Mori looked at me, for approval, and I shrugged, taking my turn at centerfeilding, while my large friend pitched.
“Those numbers are wrong…he’s either cheating us or giving us a handicap…” I grumbled to myself, flexing the borrowed glove.
“What did you say, Nino?” Mori asked from the pitching mound.
“Nothing, just pitch.” He did, and Sugi scored a lovely homerun effortlessly. I put my face in the large, peeling, black leather glove and groaned as the bases were rounded. “Mori…give him the special.”
“Okeydokey.” Mori got on his tiptoes and twirled around our makeshift pitchers mound in his signature ‘ballerina’ technique. In our group, it has become notorious as the most dangerous pitch ever, turning baseball into dodge ball. Needless to say, it was ball one, and Sugi demanded, for safety reasons, that I pitch.
I caught the sphere as Mori and I swapped positions, aligning the warn, ruby threads beneath my small, slick fingers, before I pulled my arm back, aimed and released. Sugi sent a grounder to my right. I ran, heart pumping, and swept the ball into my glove, tagging third, and threw it with all my strength to second. For once, Mori, my semi-athletically challenged friend, caught the ball, forcing Sugi out.
We were tied.
It was the bottom of the last inning…I only needed one run for my first, and last victory in Tiger Stadium.

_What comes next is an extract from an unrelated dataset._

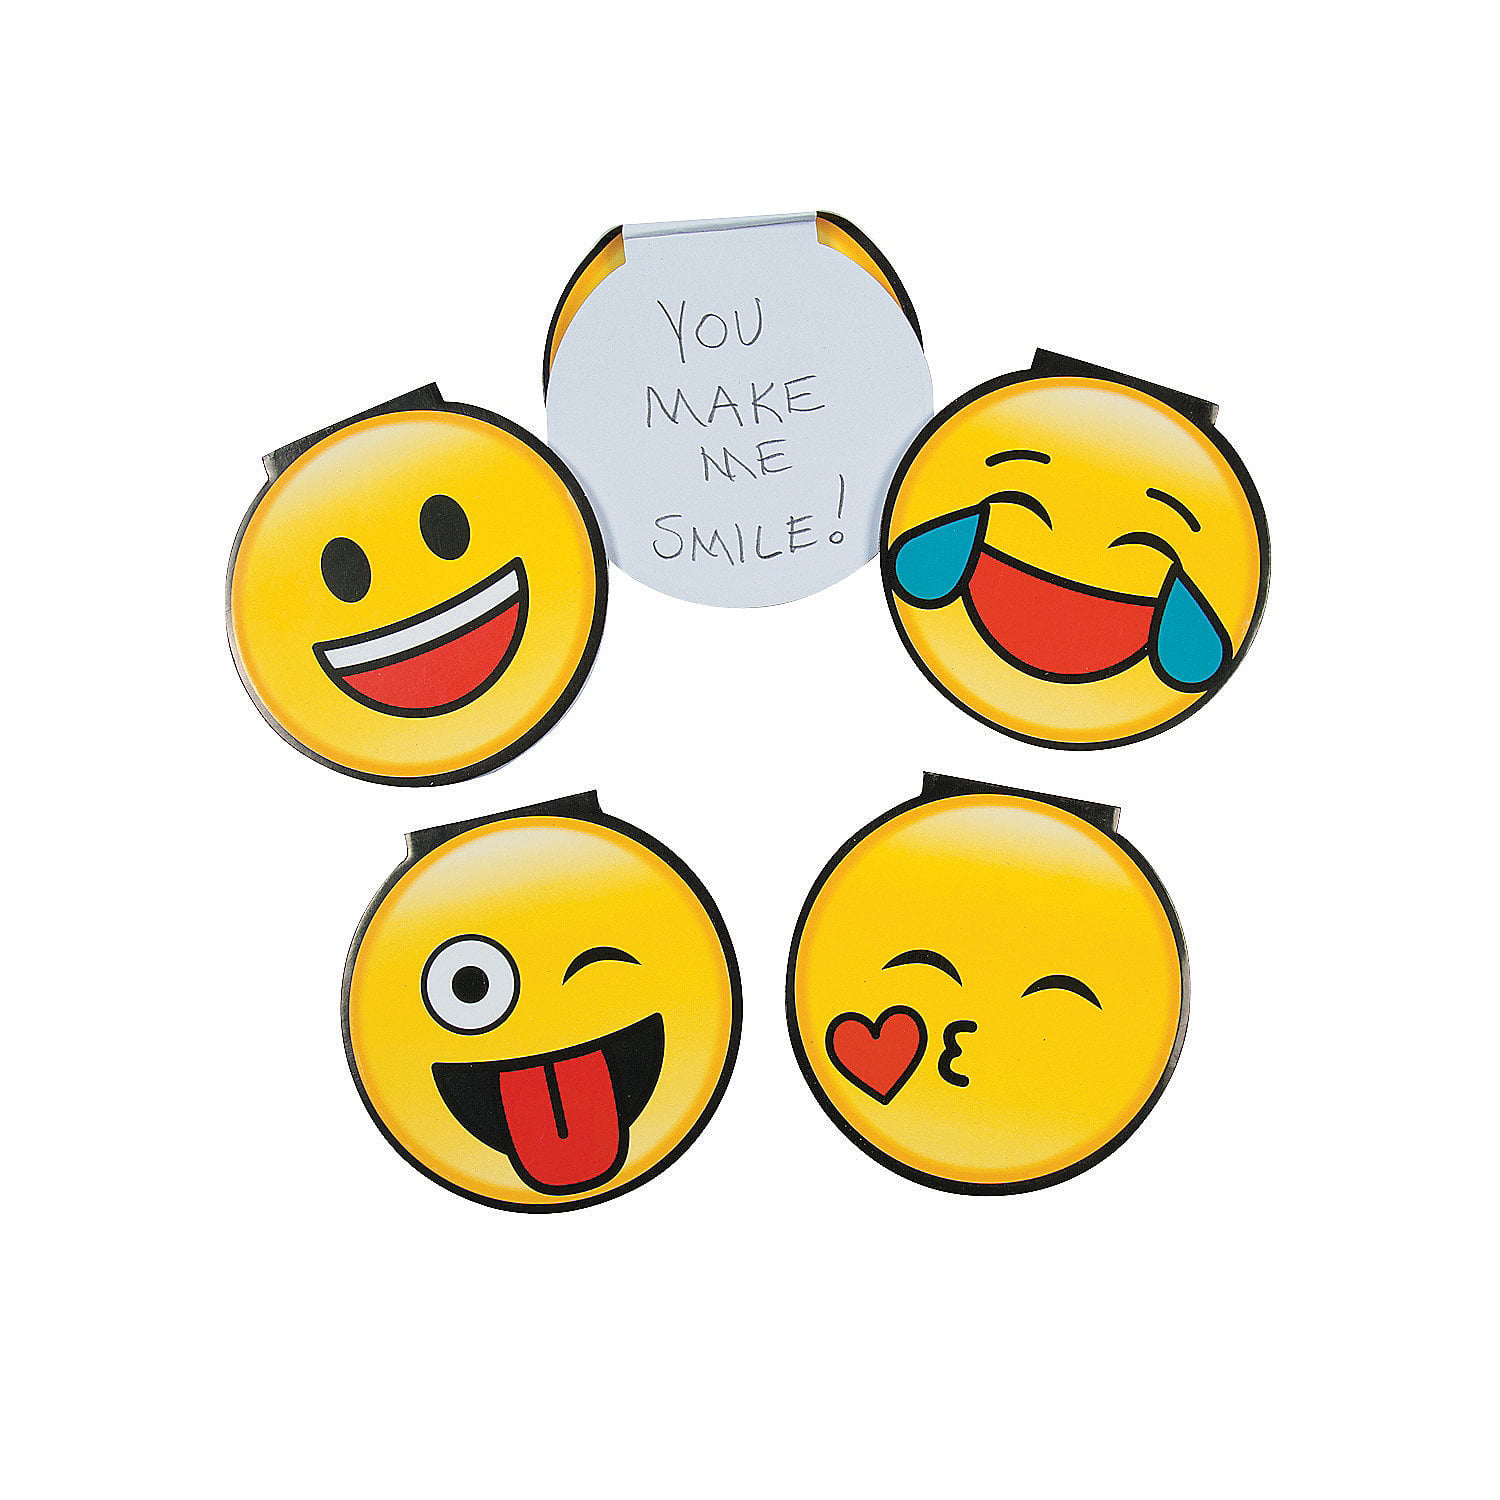 Stationery Supplies for School and Office for Kids and Adults Small Emoji Note Memo Pads with Colorful Rainbow Covers ArtCreativity Mini Smile Face Notepads Cute Party Favors Pack of 12 
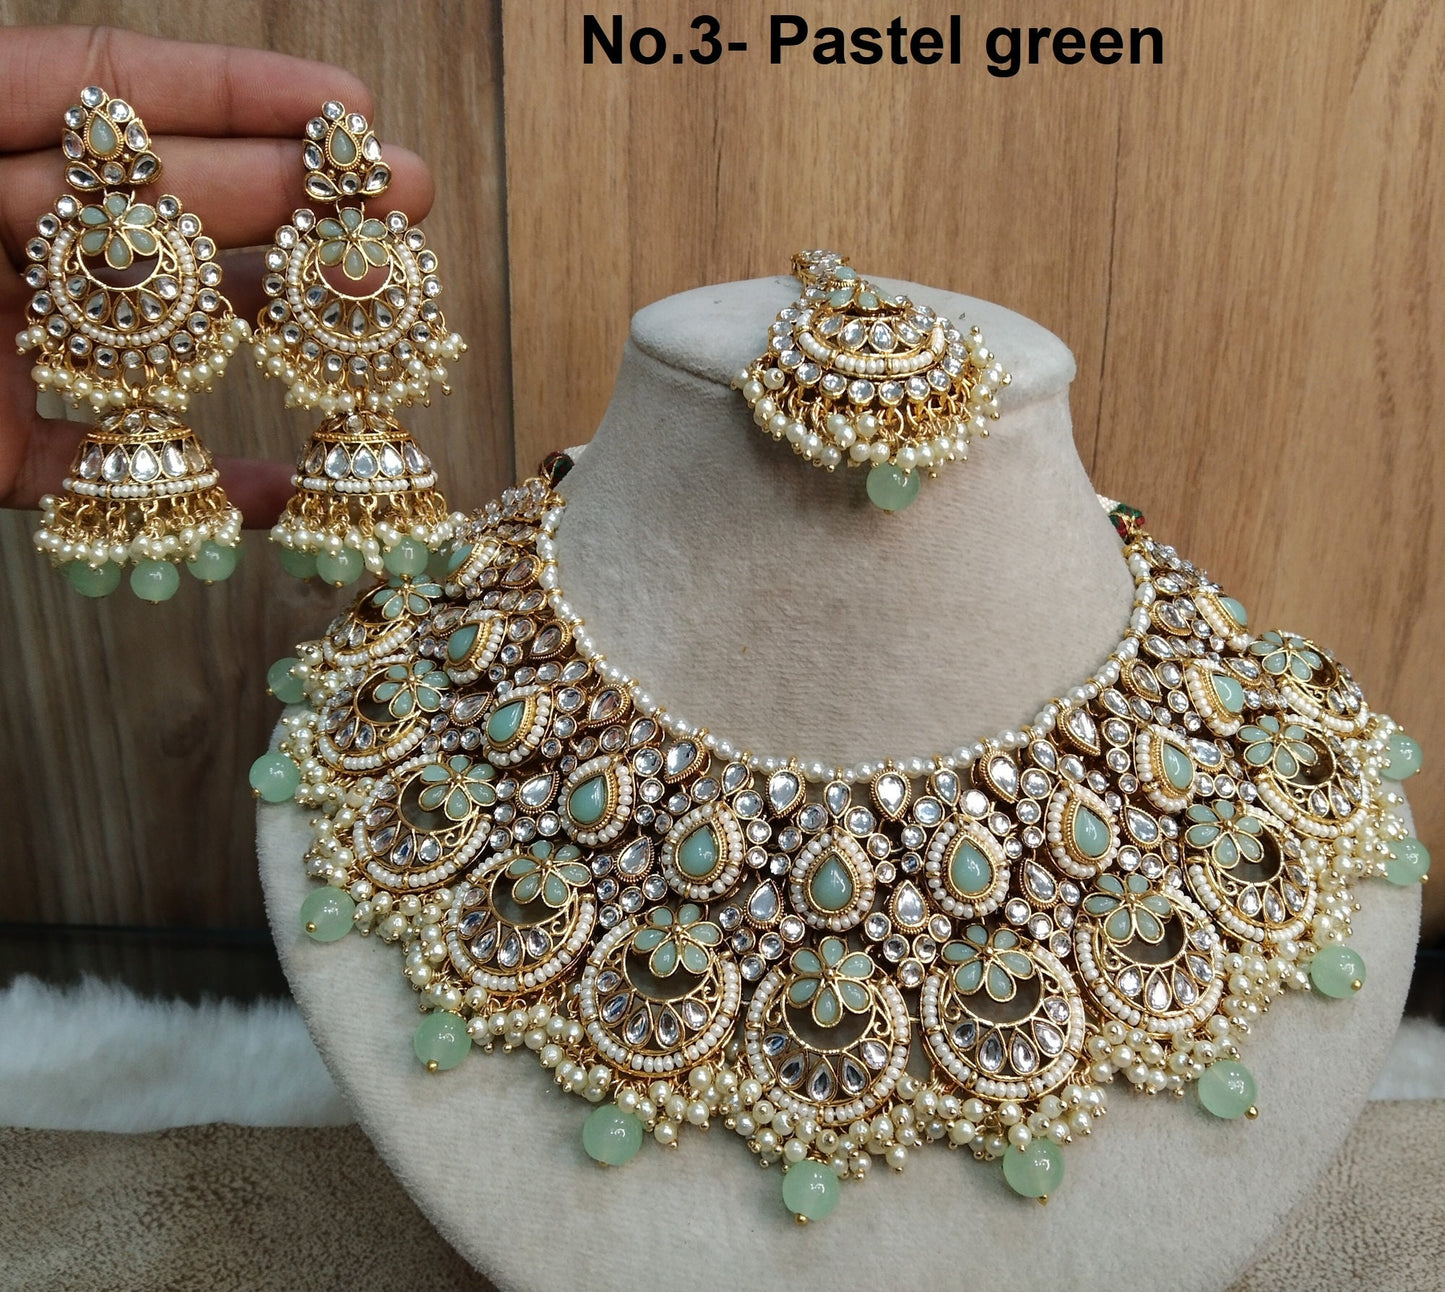 Indian Jewelry/ Gold Bridal Kundan necklace Set Indian gold white, maroon, pastel green,black, peach Bridal Jewellery Harris justin Necklace

I reached for the thermos of water and let the refreshing elixir cascade down my throat. Wiping my mouth with the back of my hand, I handed the thermos to Mori and turned to the crimped hanger wall, where we had assembled an arsenal of hitting implements. I selected a short silver bat whose branding had long since faded and lacked grip and a crown. However, it was made of aluminum and easy to swing, which was vital when all other bats weighed more than I did.
I stepped up to the plate. Normally, Sugi saved his special moves, the Loogie, or the Tsunami for Mori, but I couldn’t rule anything out now. The sun was setting. Gold and cerise stripes poked through the trees behind Sugi‘s scrawny form. This would be the last pitch of the evening.
“Ready?!” His arm was pulled back, taught like a bow string. Fastball. I swallowed and nodded. A white blur rushed to me, and I felt it connect with the bat perfectly.
"Oh-chan? What have you got there?
Ohno jumped, startled by the sudden noise, and tried to hide the notebook behind his back. “K-kazu…you’re home early…”
“No, I’m home on time…Whats with that ‘I’ve been naughty’ look…and what did you just hide there?” Nino pointed to the notebook, poking out from behind Ohno.
“T-this? It nothing…” Ohno tried to shove it under the bed, but Nino was too quick.
“Oy, my old journal!” Surprised, Nino flipped through the pages. “How far did you get?”
“You were playing baseball…who were Sugi and Mori?” Ohno was almost frightened that Nino wasn’t yelling for the invasion of privacy.
“Childhood friends. They lived in my old neighborhood, before we moved. Haven’t seen them in ages.” Nino sank to the floor next to Ohno, leaning against the older man, as he continued to flip the pages.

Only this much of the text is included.